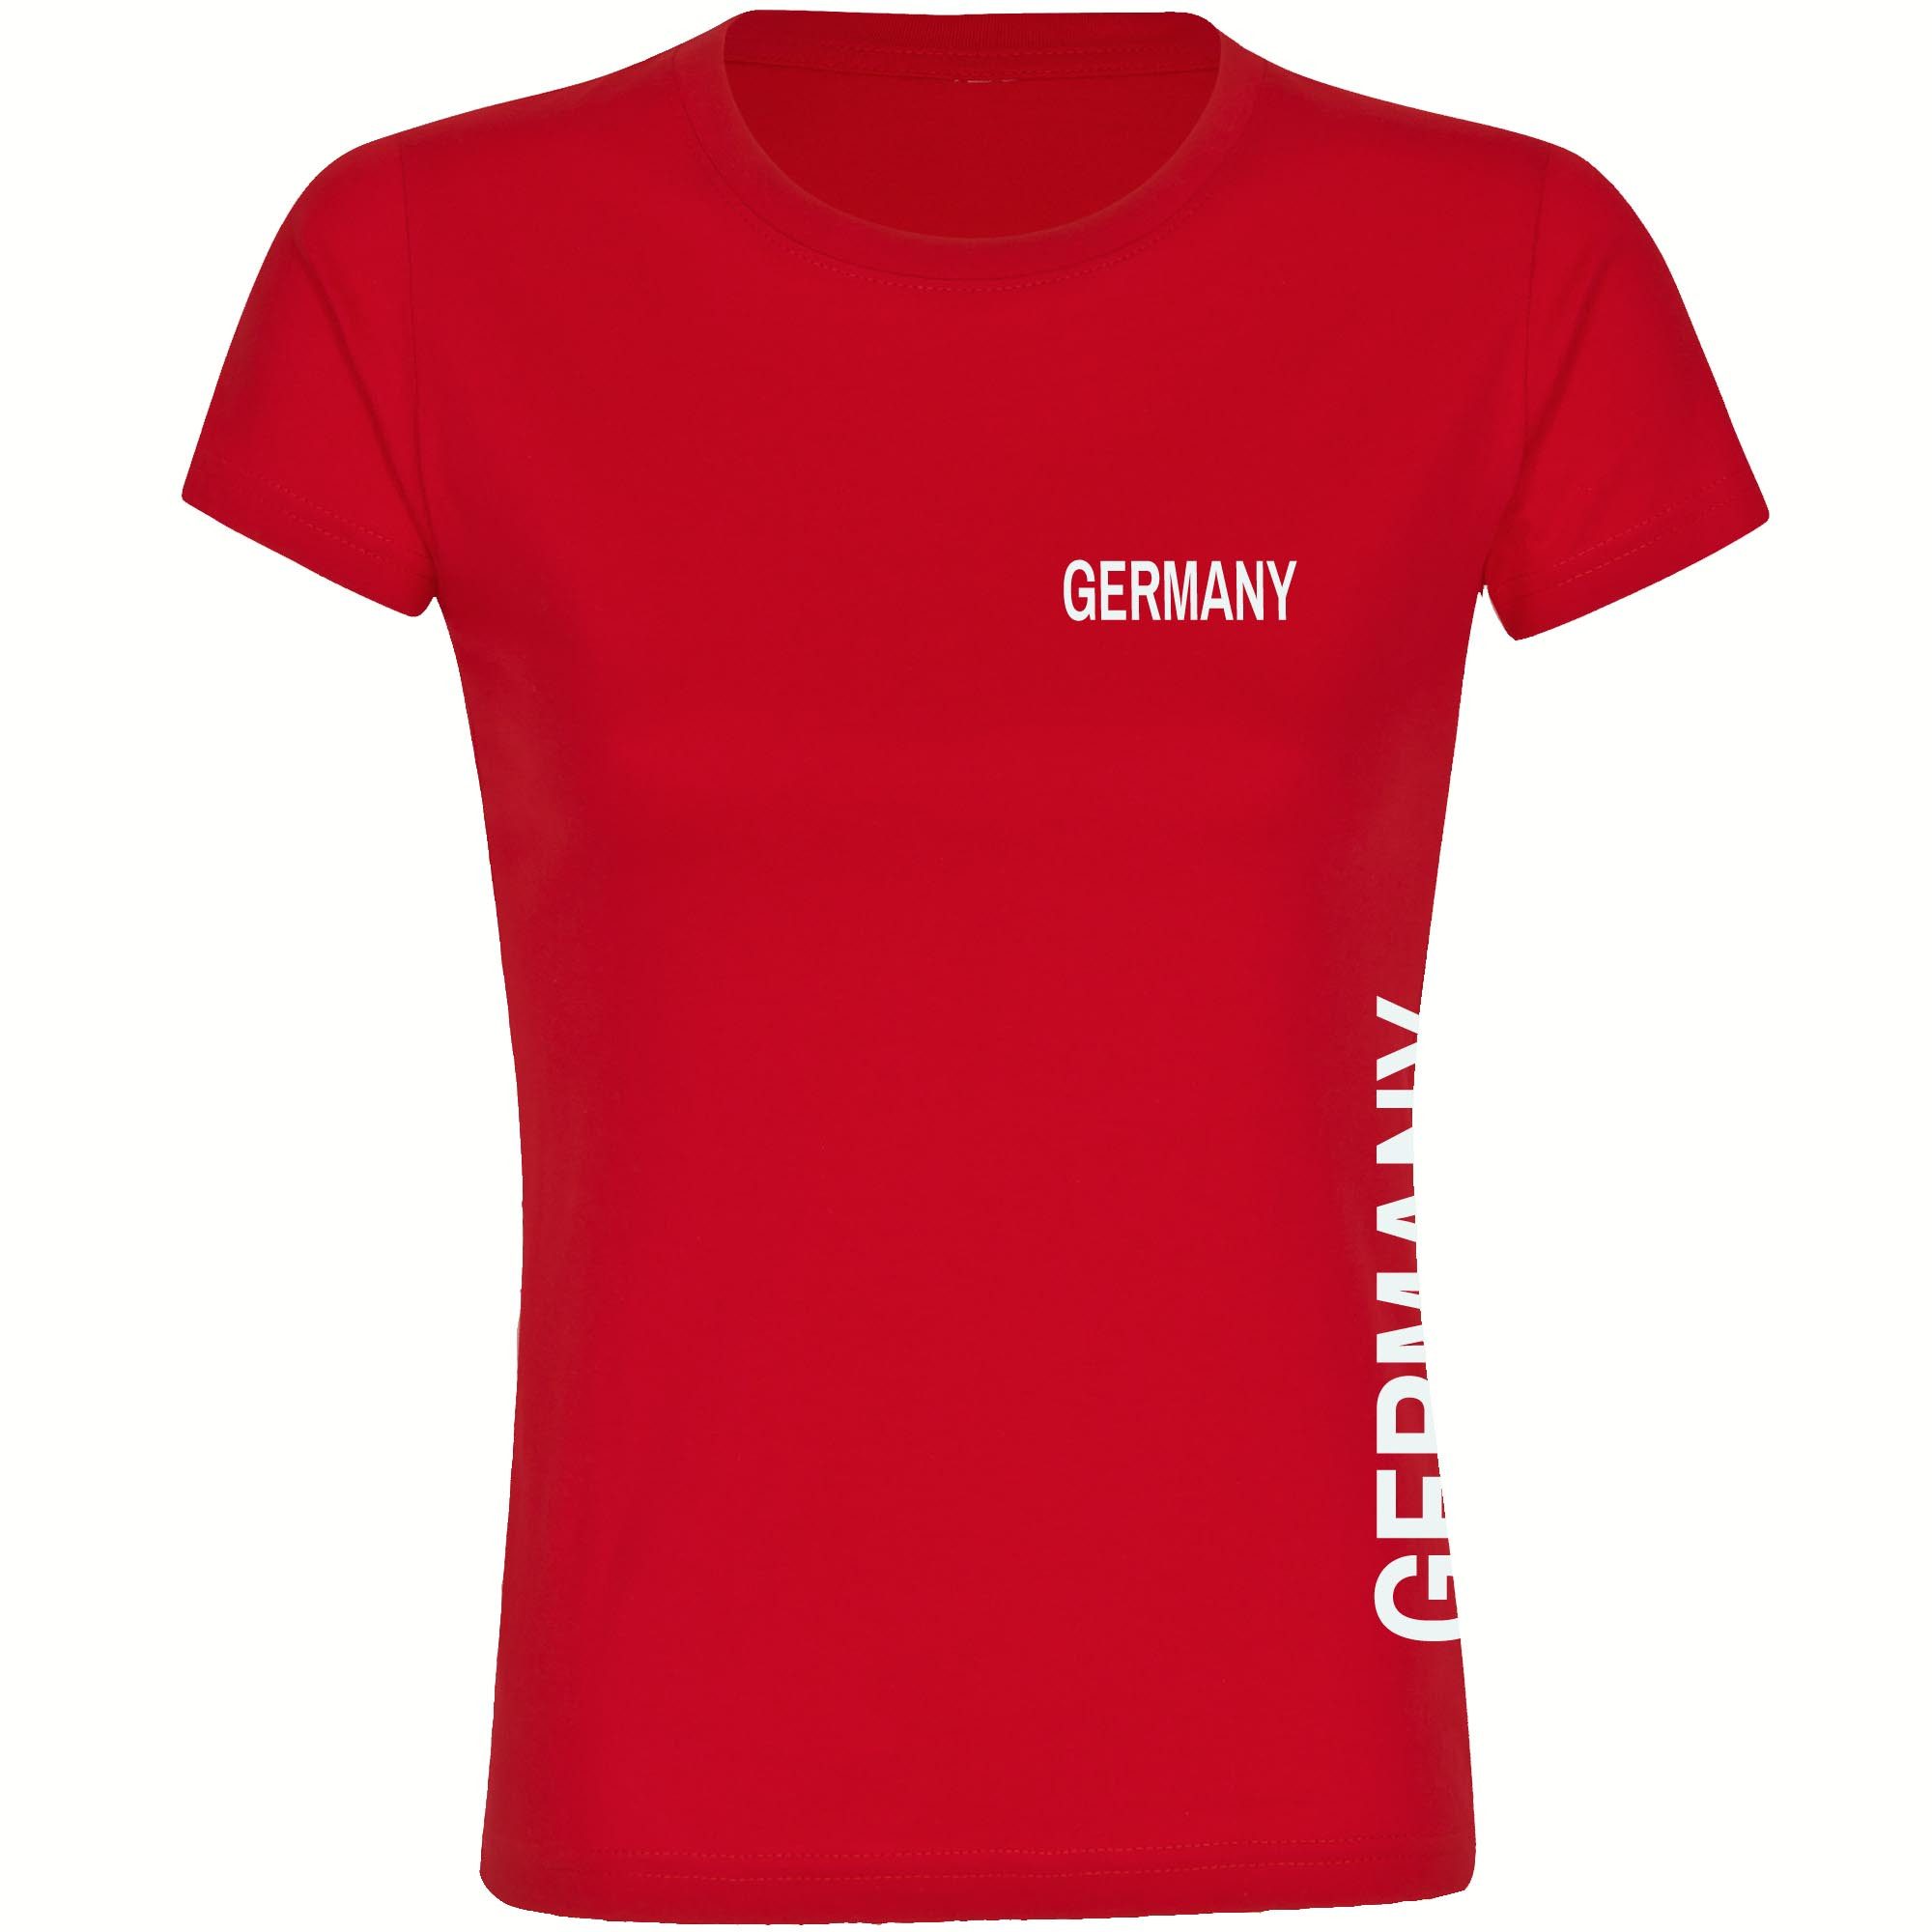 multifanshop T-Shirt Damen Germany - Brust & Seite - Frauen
----
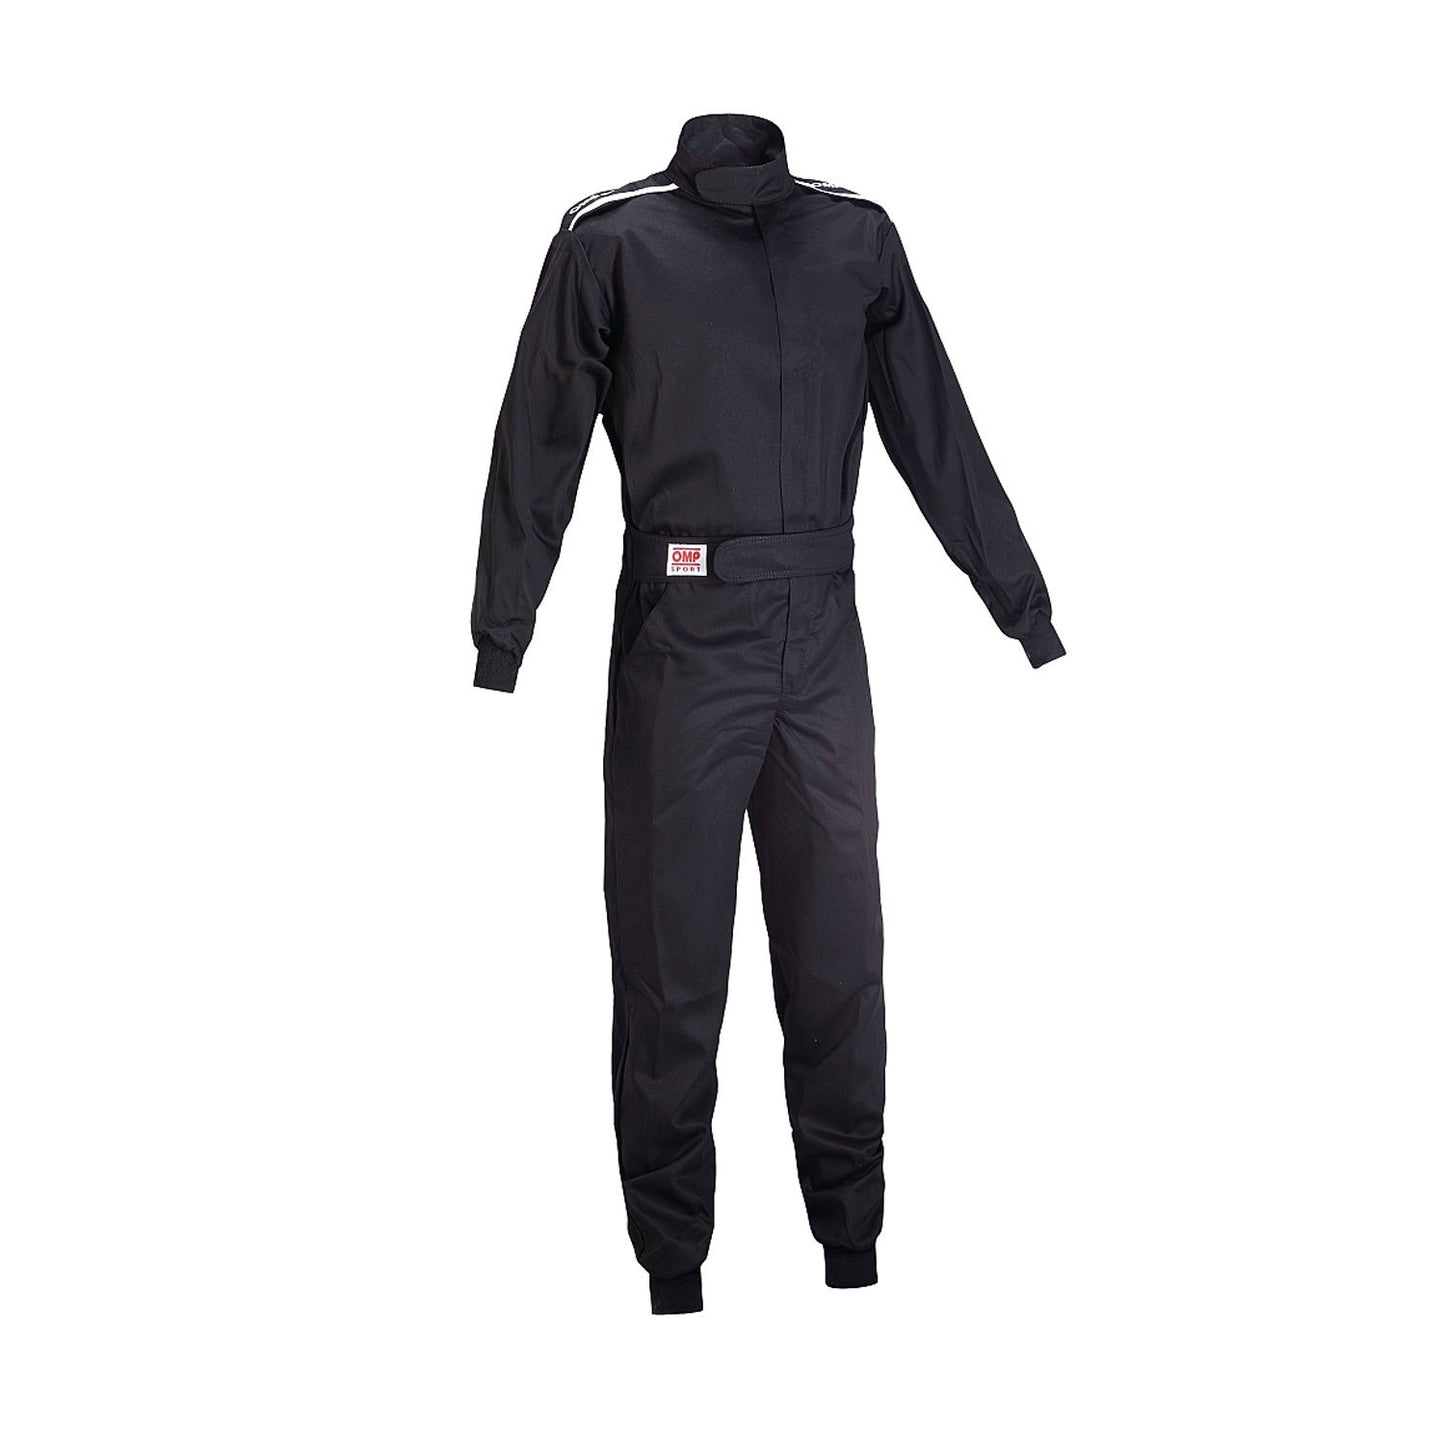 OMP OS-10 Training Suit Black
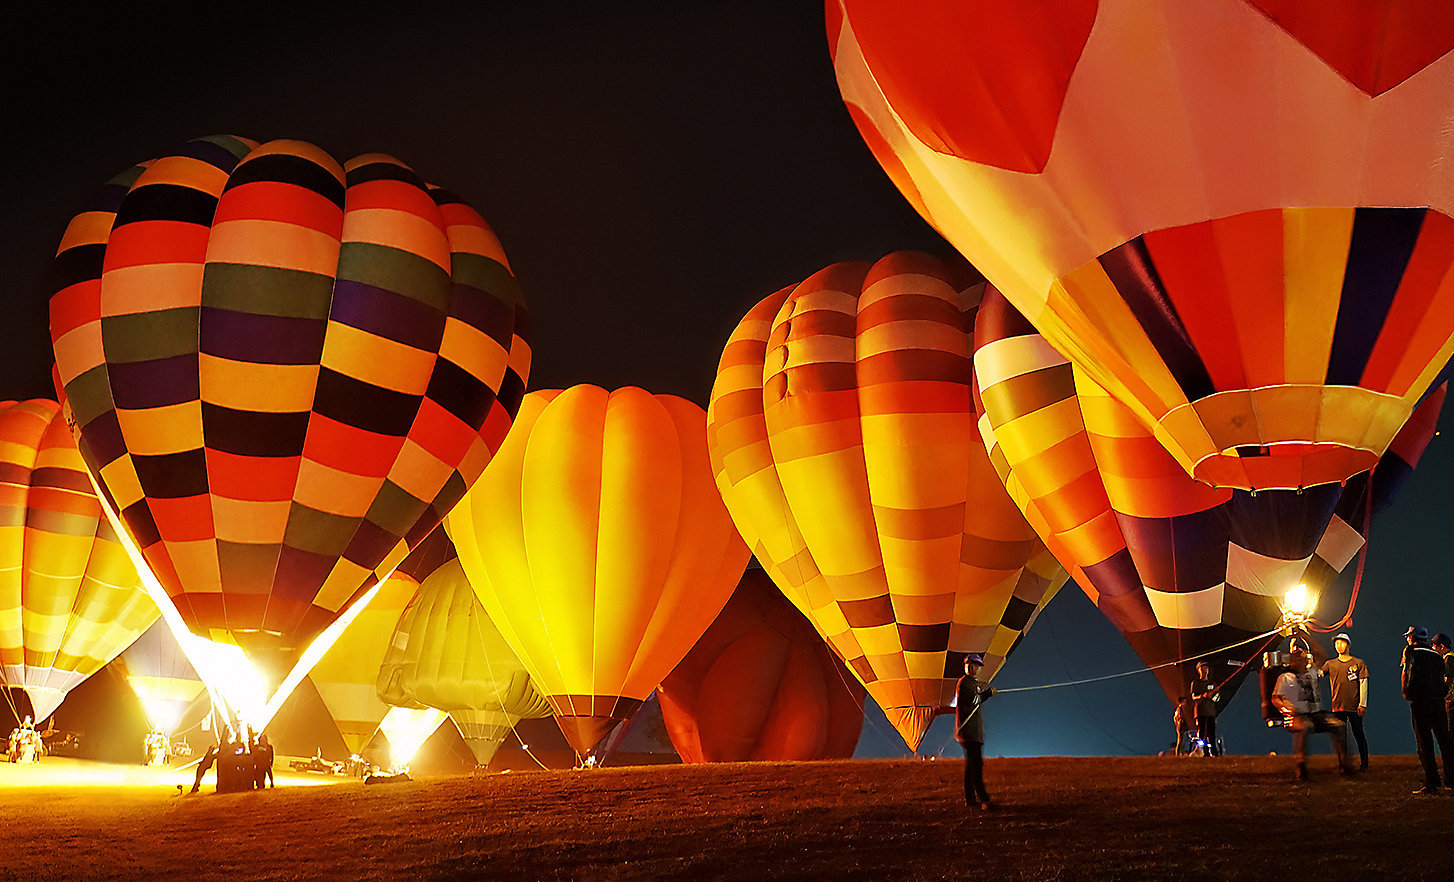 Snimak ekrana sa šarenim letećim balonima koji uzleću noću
----
| Exercise details |
Copy the lines above exactly, starting with the line that contains "OMP OS-10 Training Suit Black" and ending with the line that contains "Snimak ekrana sa", and leave out any pictures.

| Solved problem |
 OMP OS-10 Training Suit Black
 Snimak ekrana sa šarenim letećim balonima koji uzleću noću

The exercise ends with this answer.